### [What to work on]
Give all of the data below again exactly, and drop the images.

### [Dataset extract]
▬▬▬▬▬▬

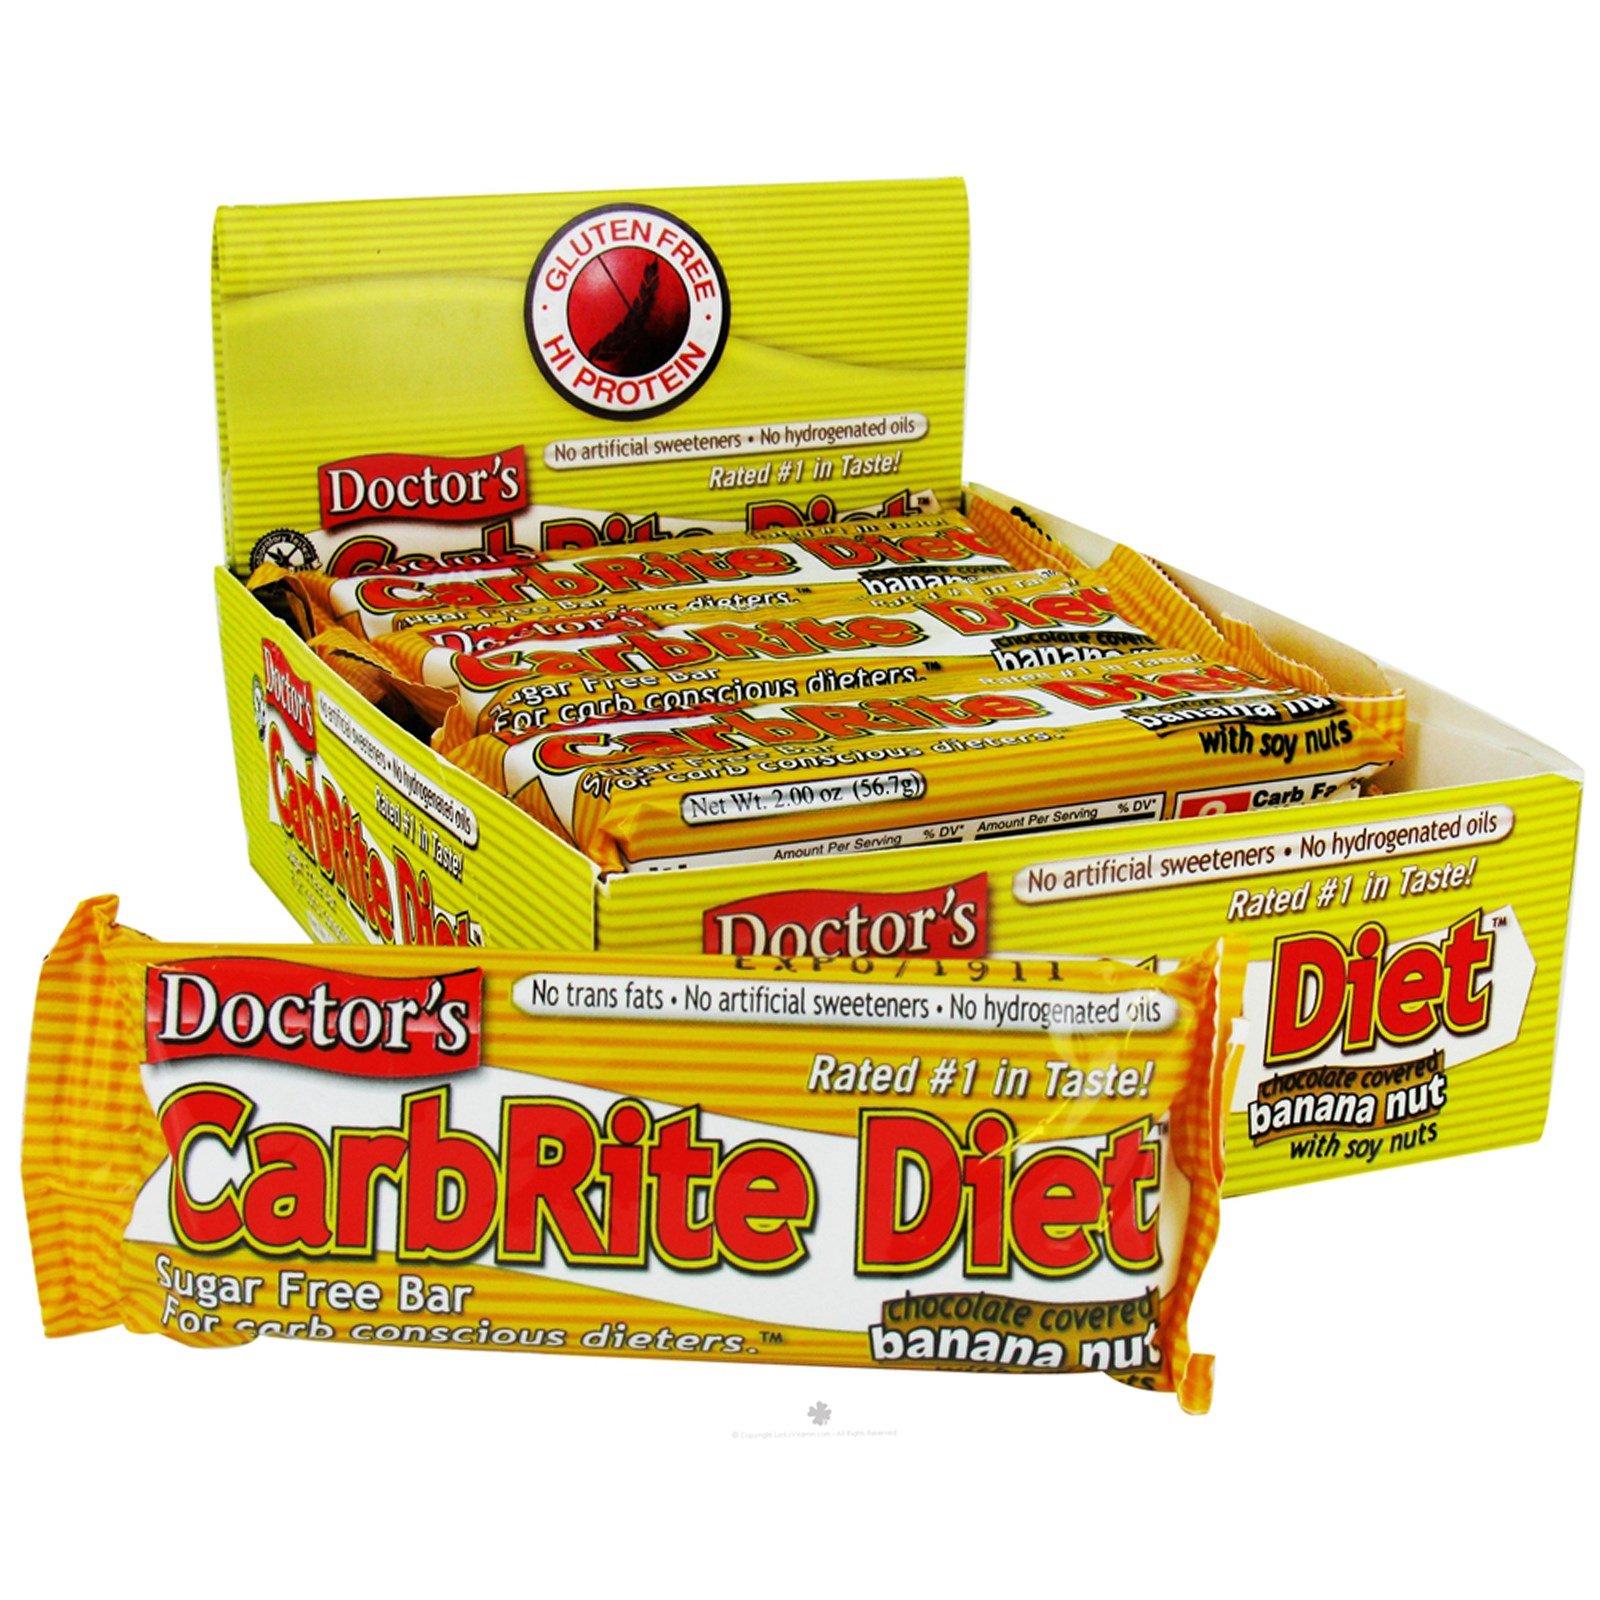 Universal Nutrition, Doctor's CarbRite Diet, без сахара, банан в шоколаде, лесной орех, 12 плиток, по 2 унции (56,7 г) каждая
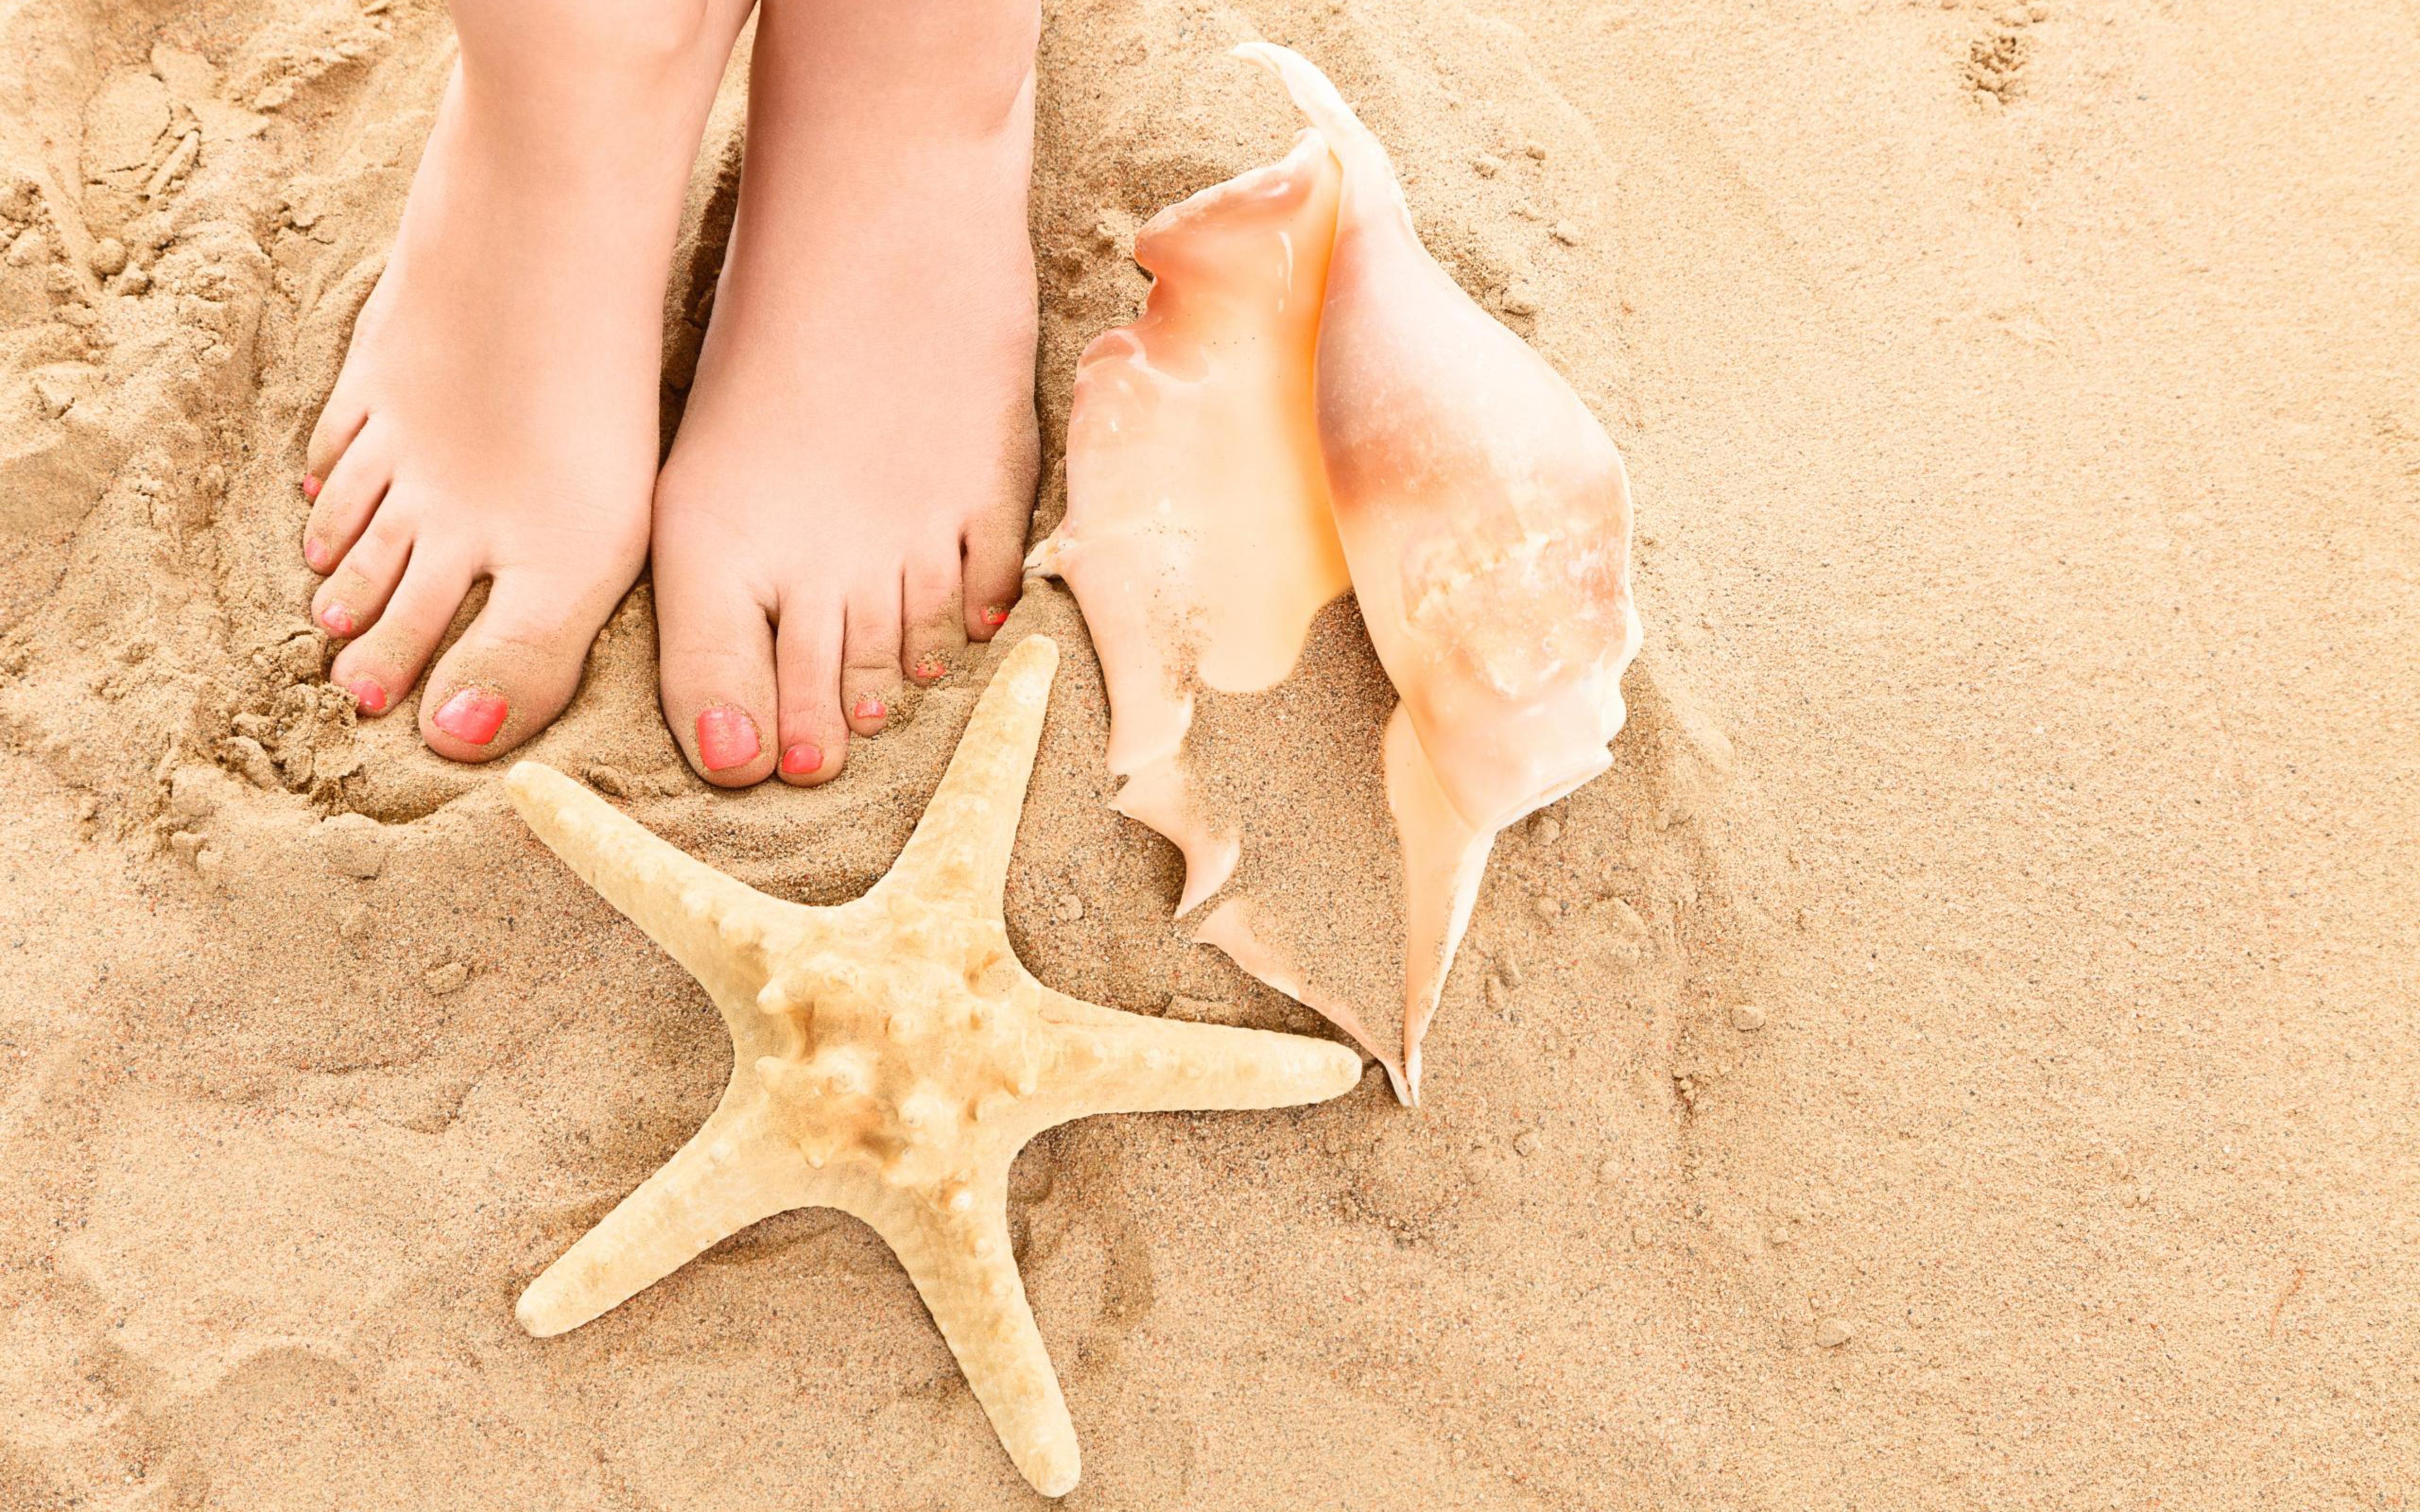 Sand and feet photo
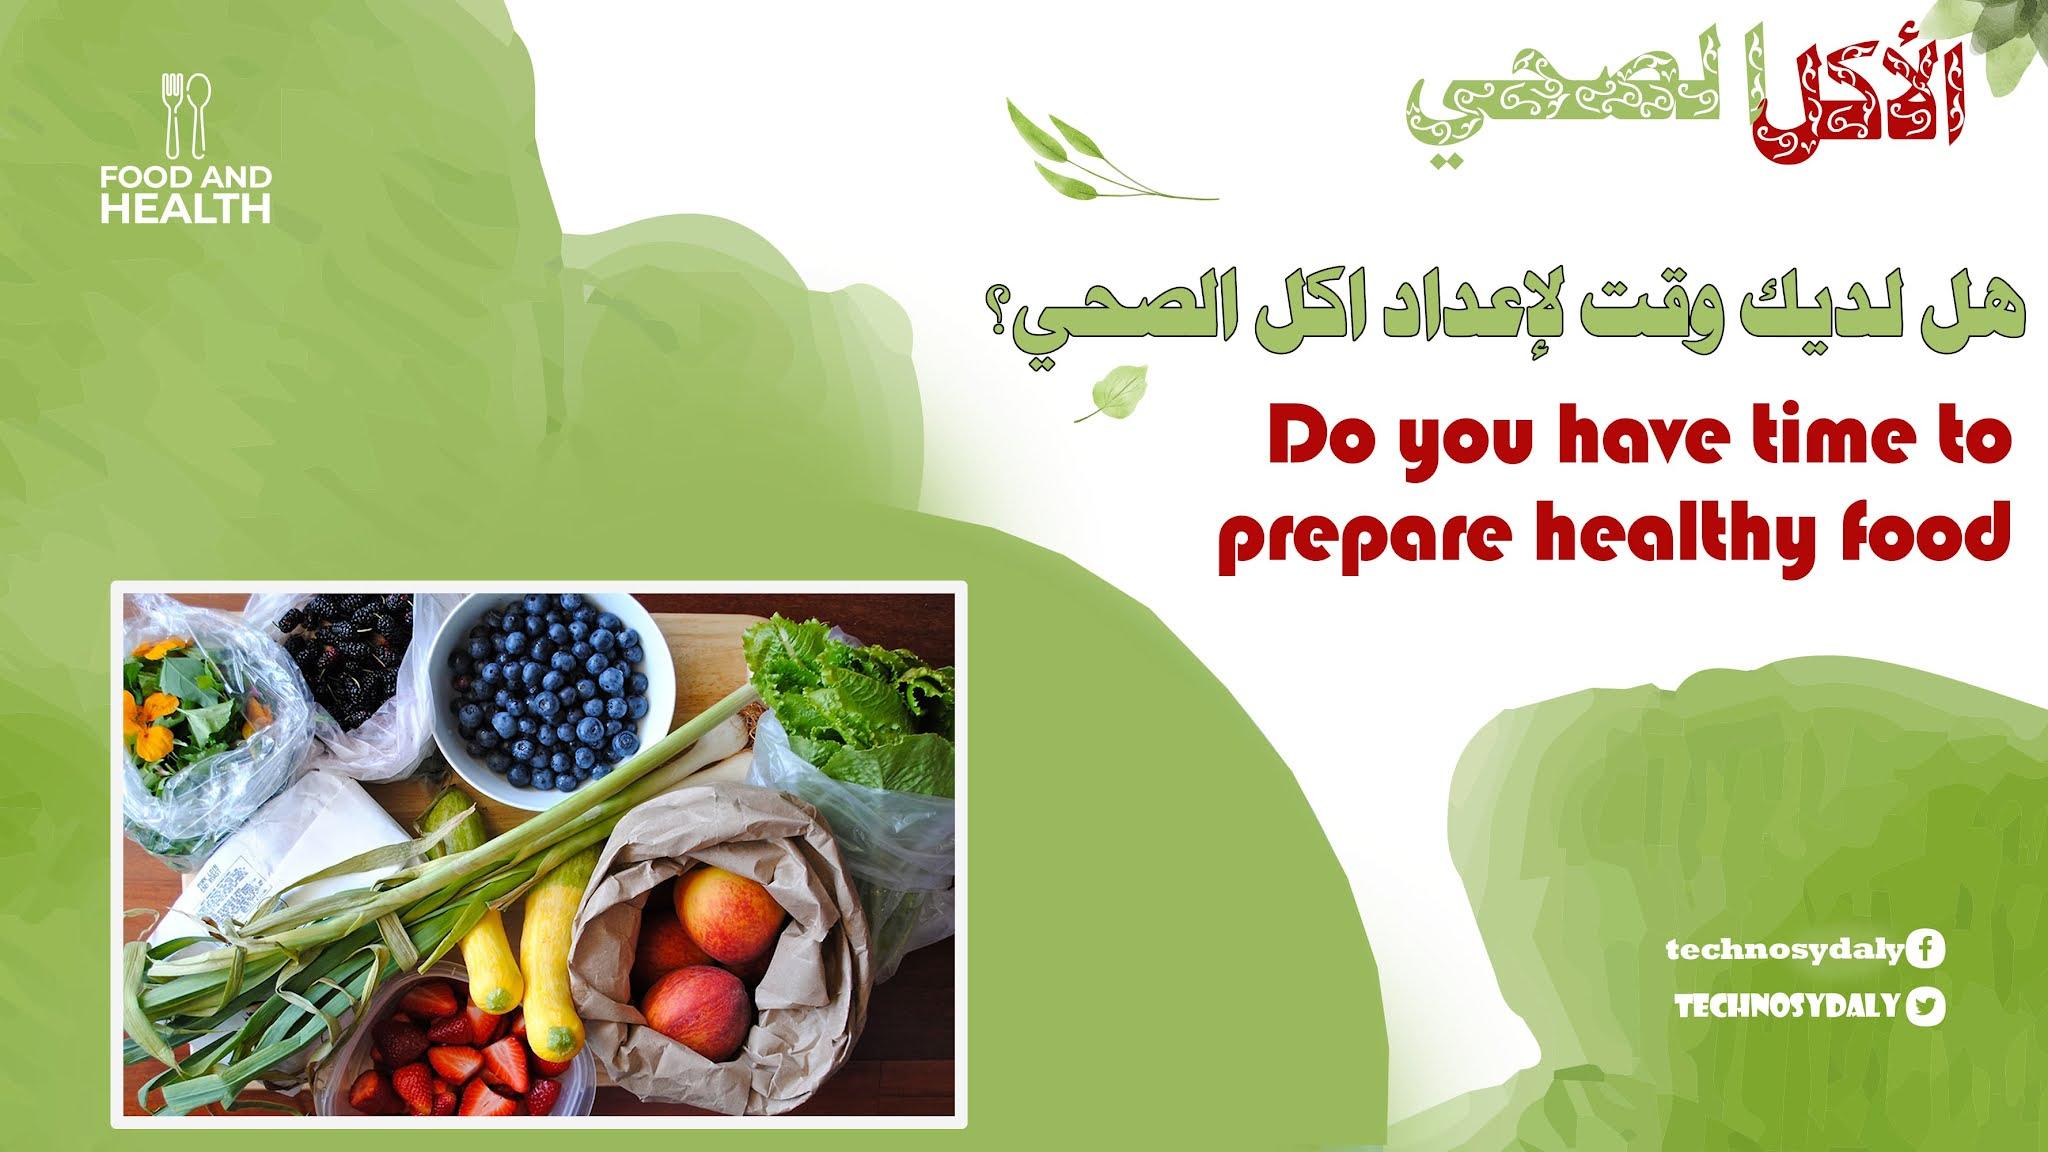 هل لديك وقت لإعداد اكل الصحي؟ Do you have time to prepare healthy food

▬▬▬▬▬▬

### [Expected answer]
 Universal Nutrition, Doctor's CarbRite Diet, без сахара, банан в шоколаде, лесной орех, 12 плиток, по 2 унции (56,7 г) каждая
 Sand and feet photo
 هل لديك وقت لإعداد اكل الصحي؟ Do you have time to prepare healthy food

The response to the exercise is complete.